## [YOUR OBJECTIVE]
Please write out every line of the material, leaving out any picture.

[[ DATA SECTION, beginning ]]

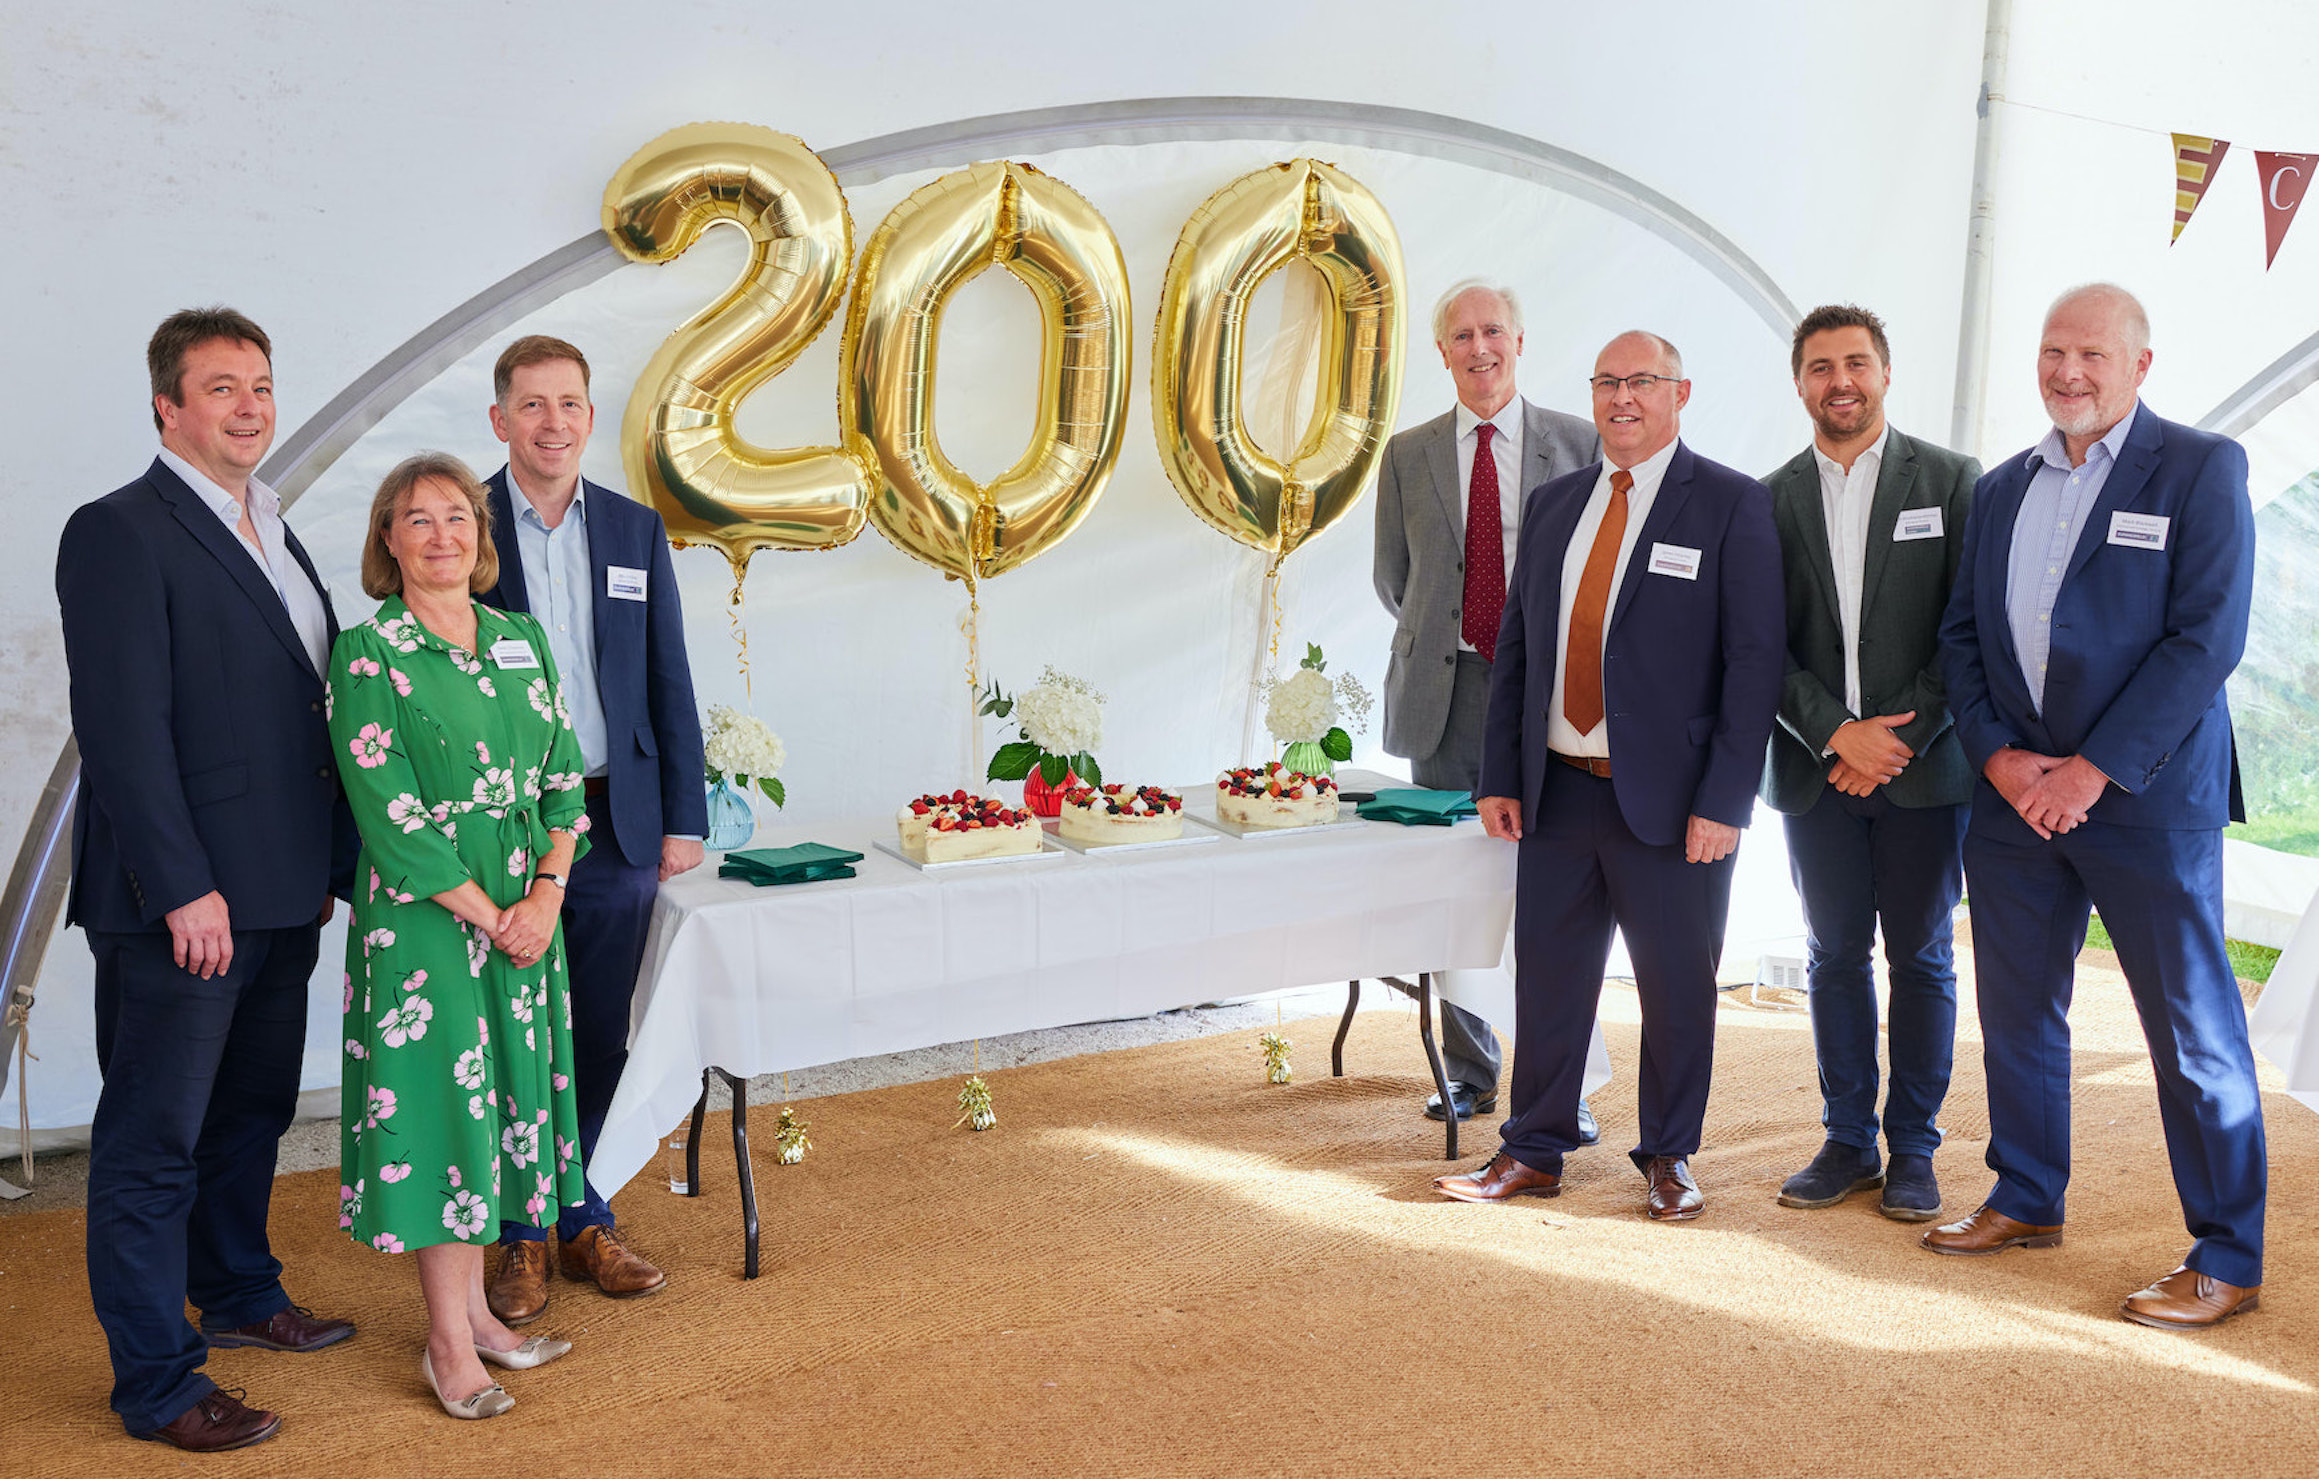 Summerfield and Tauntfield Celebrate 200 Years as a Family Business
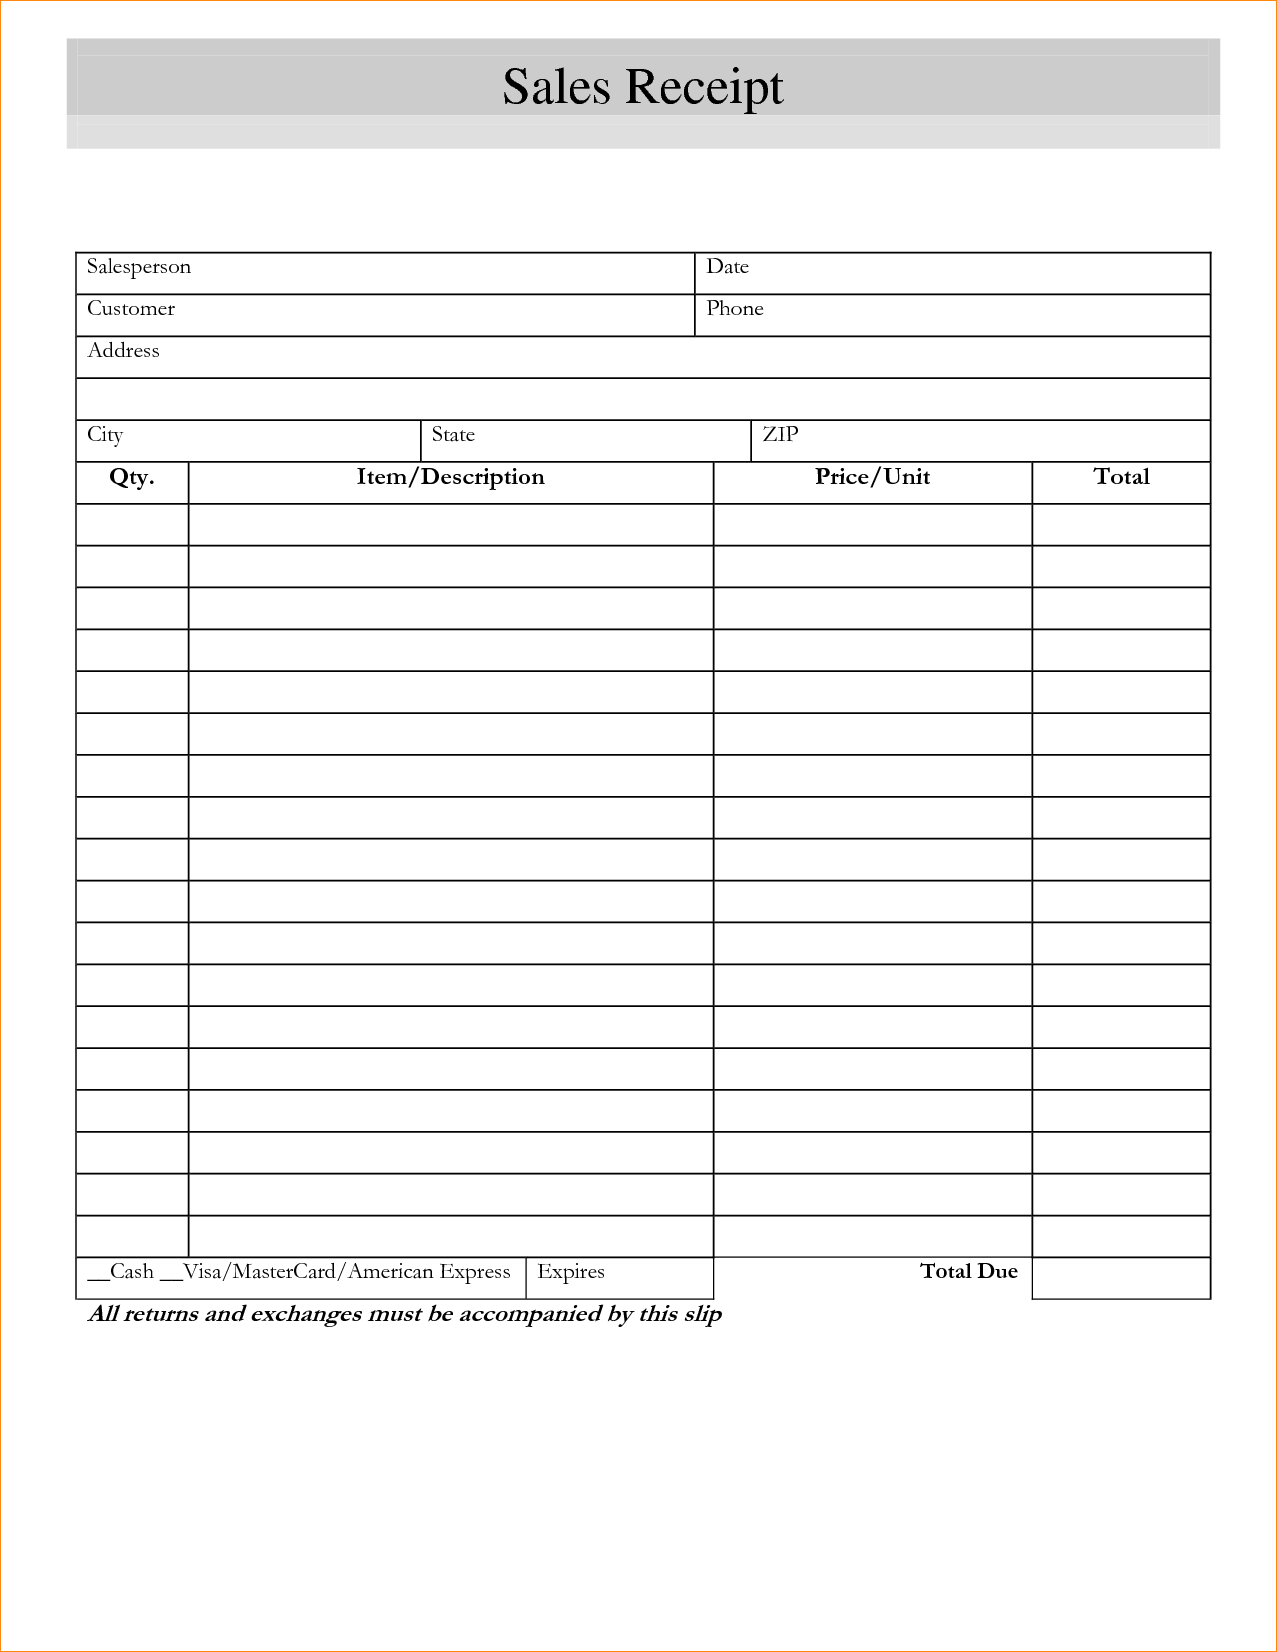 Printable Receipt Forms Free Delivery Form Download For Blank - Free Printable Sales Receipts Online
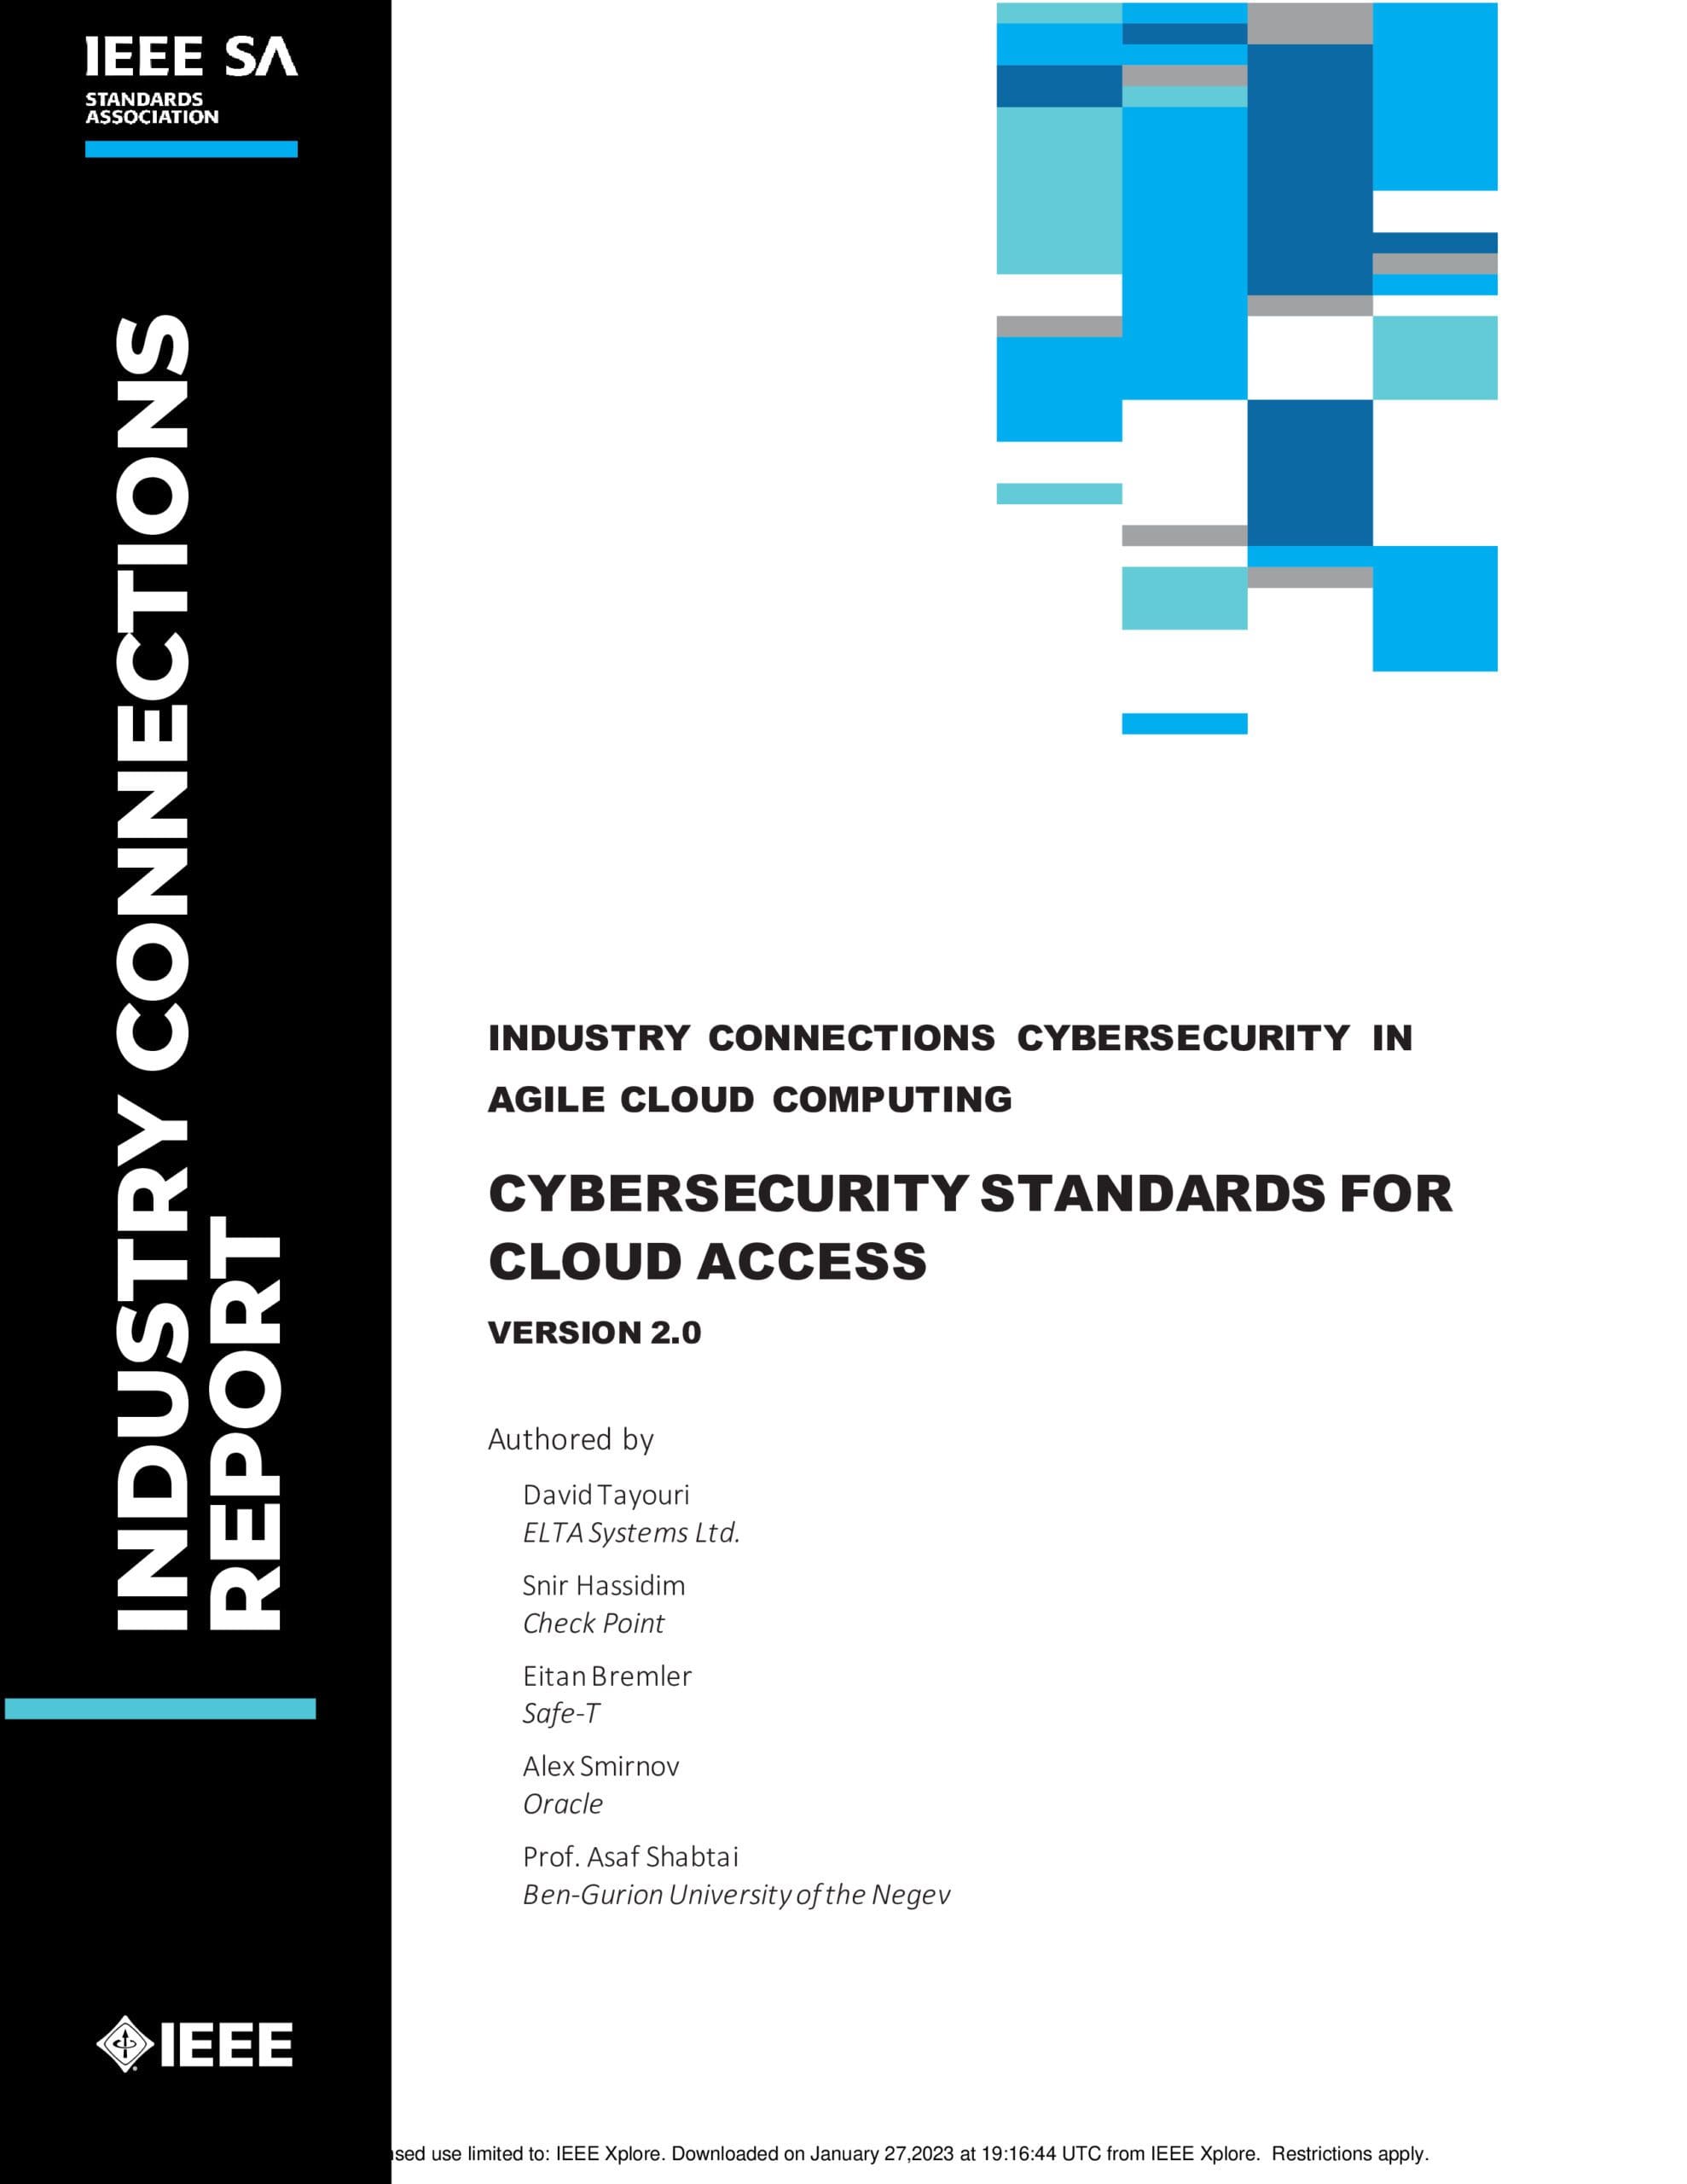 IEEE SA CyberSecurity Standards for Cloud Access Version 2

[[ DATA SECTION, end ]]

## [YOUR RESPONSE]
 Summerfield and Tauntfield Celebrate 200 Years as a Family Business
 Printable Receipt Forms Free Delivery Form Download For Blank - Free Printable Sales Receipts Online
 IEEE SA CyberSecurity Standards for Cloud Access Version 2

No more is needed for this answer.